Many of us have read this newest “fact sheet”. Many of us who read it said to ourselves, “and what about this is new news?”
But there was one phrase that caught me off guard.
We are aware of four children who have been returned to their birth parents once these circumstances were discovered.
As I have pondered these words today, I have been trying to put my finger on what it is about these words that bothers me so much. And I believe it is this.
Many, many of us have been very concerned about Orphans First and how it is all going to play out. We have been concerned about NOIDS and what happens to the children who receive them. Well, according to this fact sheet, four children whose questionable circumstances were discovered were returned to their birthfamilies.
As I have tried to look at this situation the the situational ethics lens that so many AP/PAP’s have regarding the larger situation in Vietnam, 4 out of 1403 doesn’t seem too bad. If there were only 4 cases that resulted in reunification, that isn’t too bad. 4 sacrificed for the greater good of these poor Vietnamese children finding better homes.
But immediately the questions come. How many birth family who never intended to relinquish their children were never found? How many cases slipped in under the radar with no one the wiser? How would that feel to think I had lost my child forever?
The reality is that we can never know the answers to those questions, and in all reality, to some extent(especially depending on what agency you used), our children could be the children that families in Vietnam believe have been stolen.
Of course we can’t go back. And regret that cripples us in worry and fear has no purpose. But regret that moves us to action can change this situation. Some of us need to regret that we used certain agencies, some of us need to regret that we really don’t know how ethical our adoptions are, some of us simply need to regret that this situation ever took place and that our children will be a part of this legacy whether their own personal adoptions were 100% ethical or not.

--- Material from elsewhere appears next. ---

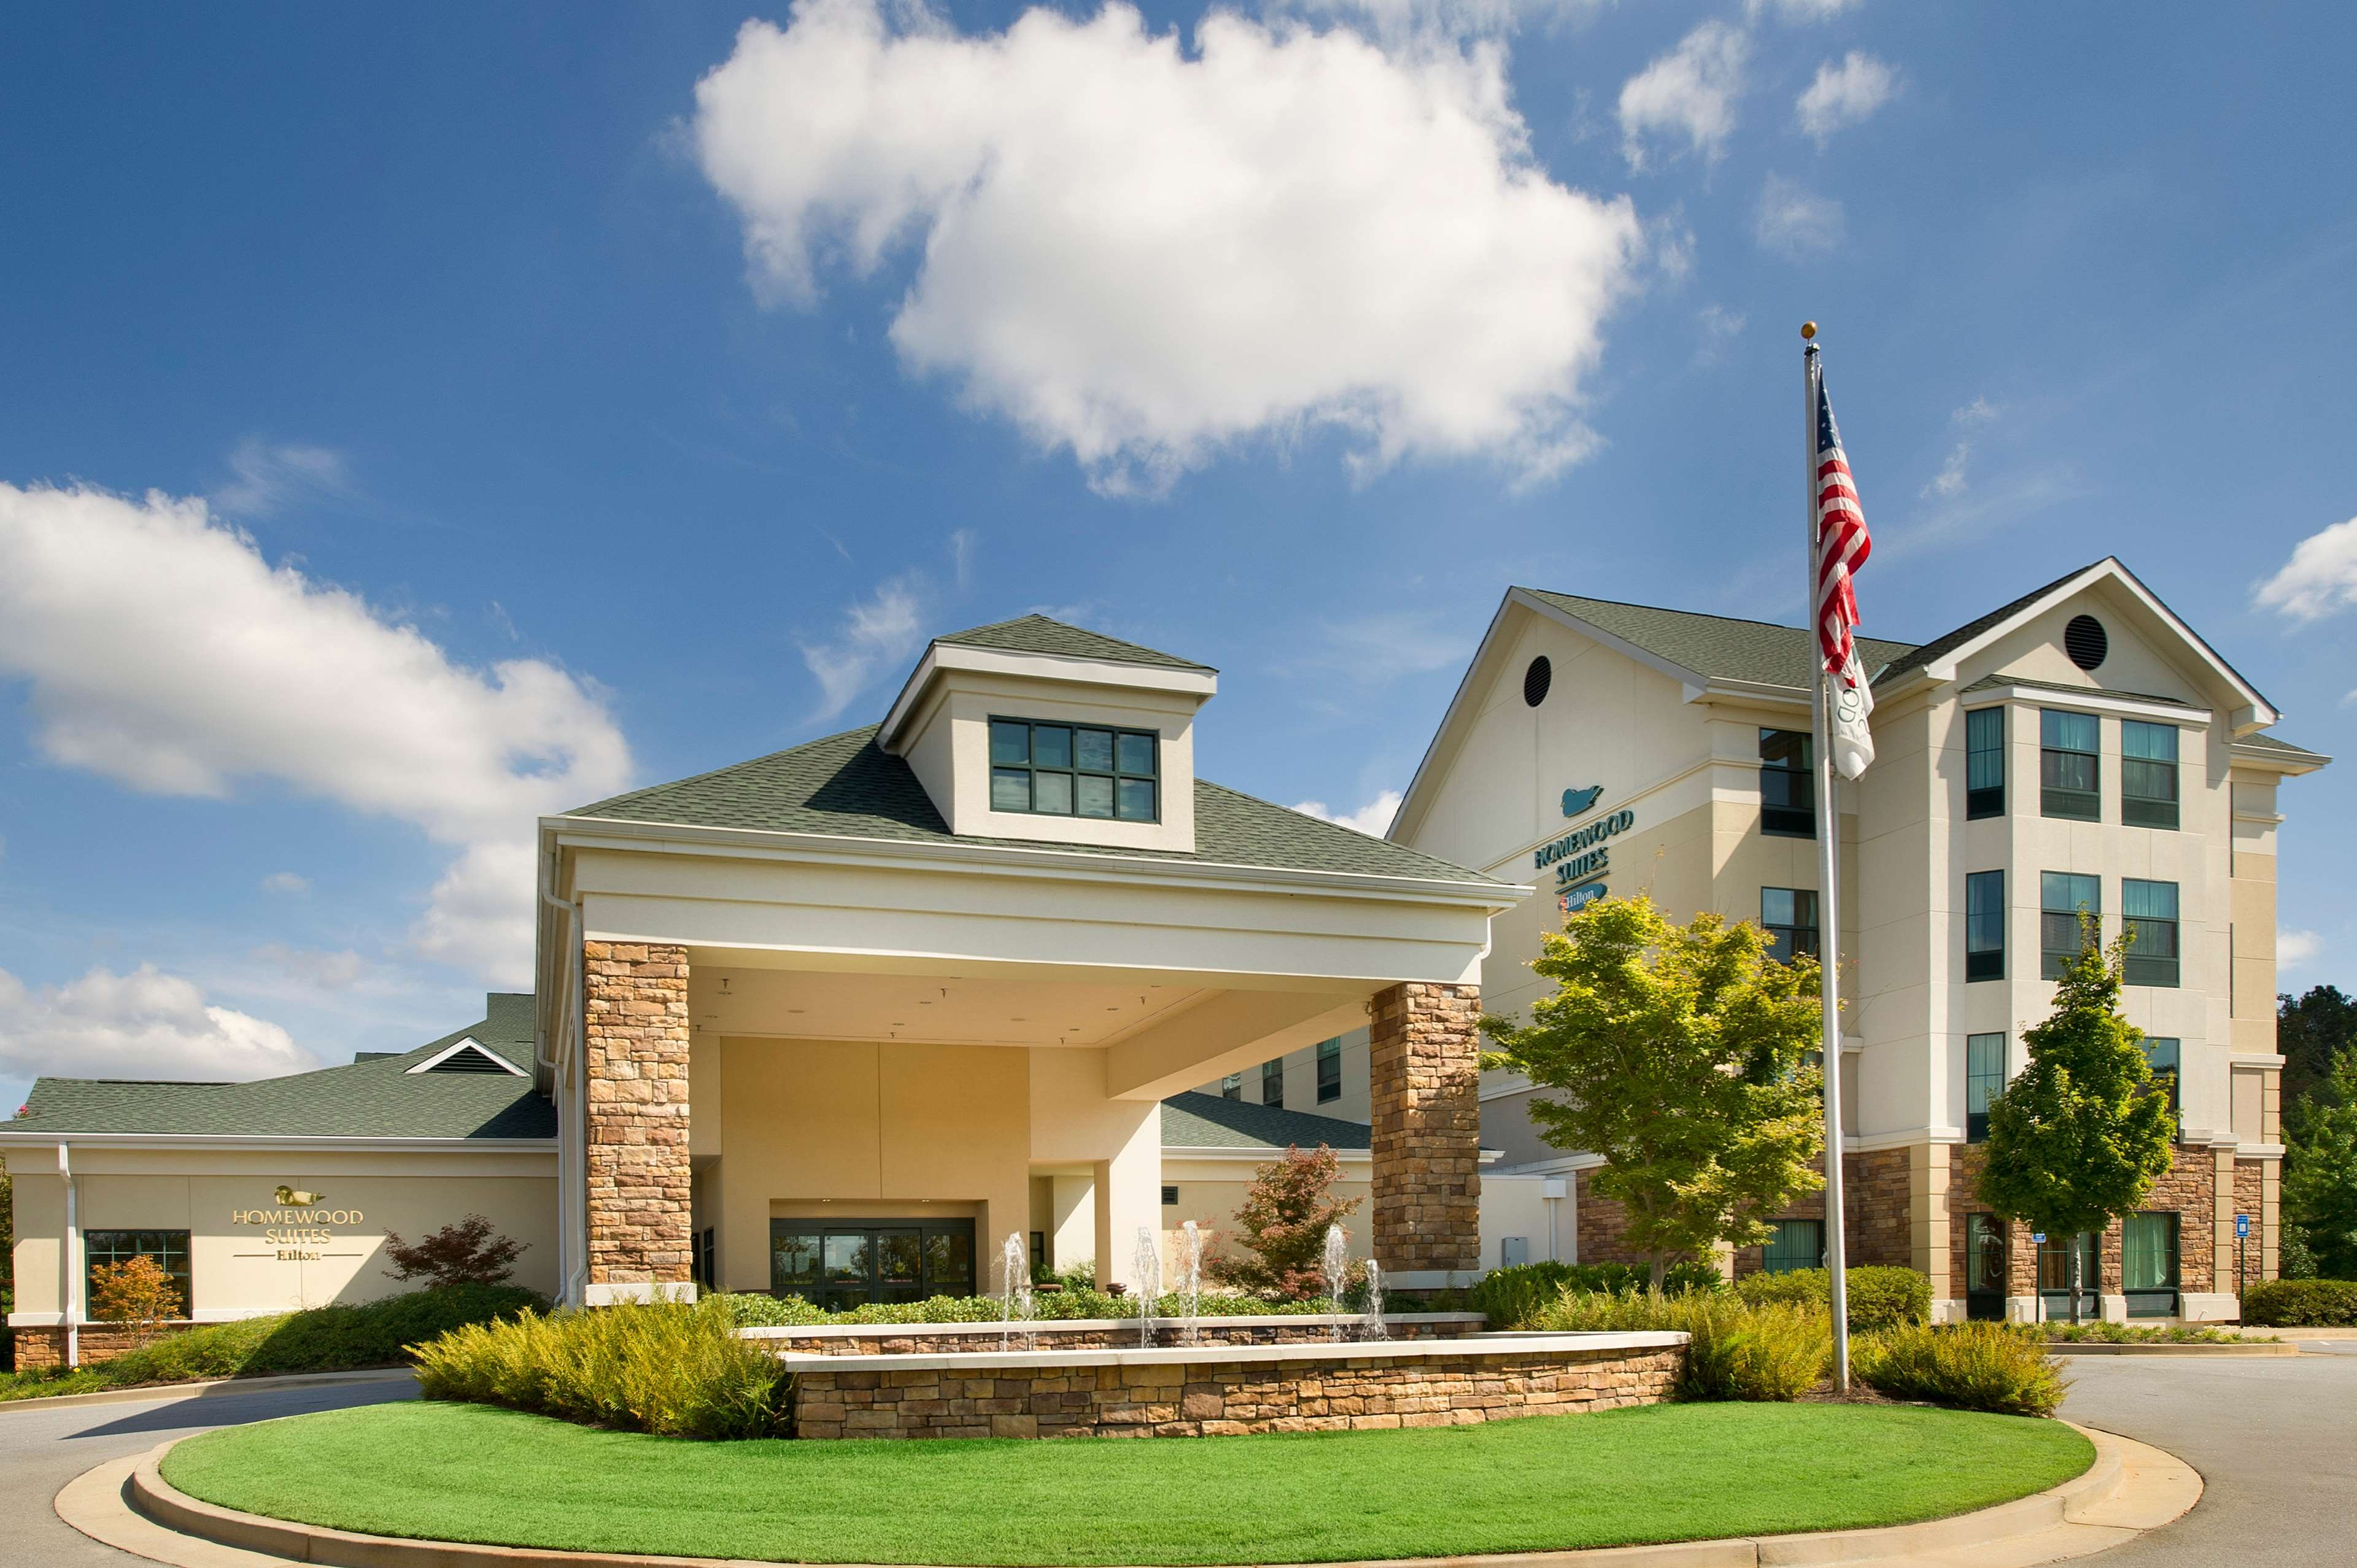 Homewood Suites by Hilton Columbus image 3

But here is the question that I pose today;
What legacy are we going to leave with our children?
What will they tell people when they are asked about Vietnam adoptions, about the circumstances surrounding their births? And more, importantly, how will they feel about their adoption stories and the roles that we played in their lives?
I believe that what our children say and believe is, in many ways, up to us. Do we slink away and hang our heads, do we distance ourselves from the chaos? Do we breathe a sigh of relief that we, at least, have our children home, and simply go on with life. Because really, life is hard enough as it is.
Or do we roll our sleeves up and do the work. Do we put our money where our mouths are by donating to organizations that keep impoverished families intact, that support ethical adoptions and familes stuck in adoption crisis? Do we send our letters and emails to our congressmen and representatives? Do we keep reading the message boards and the embassy “fact sheets”?
Don’t let this chance to change our children’s legacy become another crippling regret.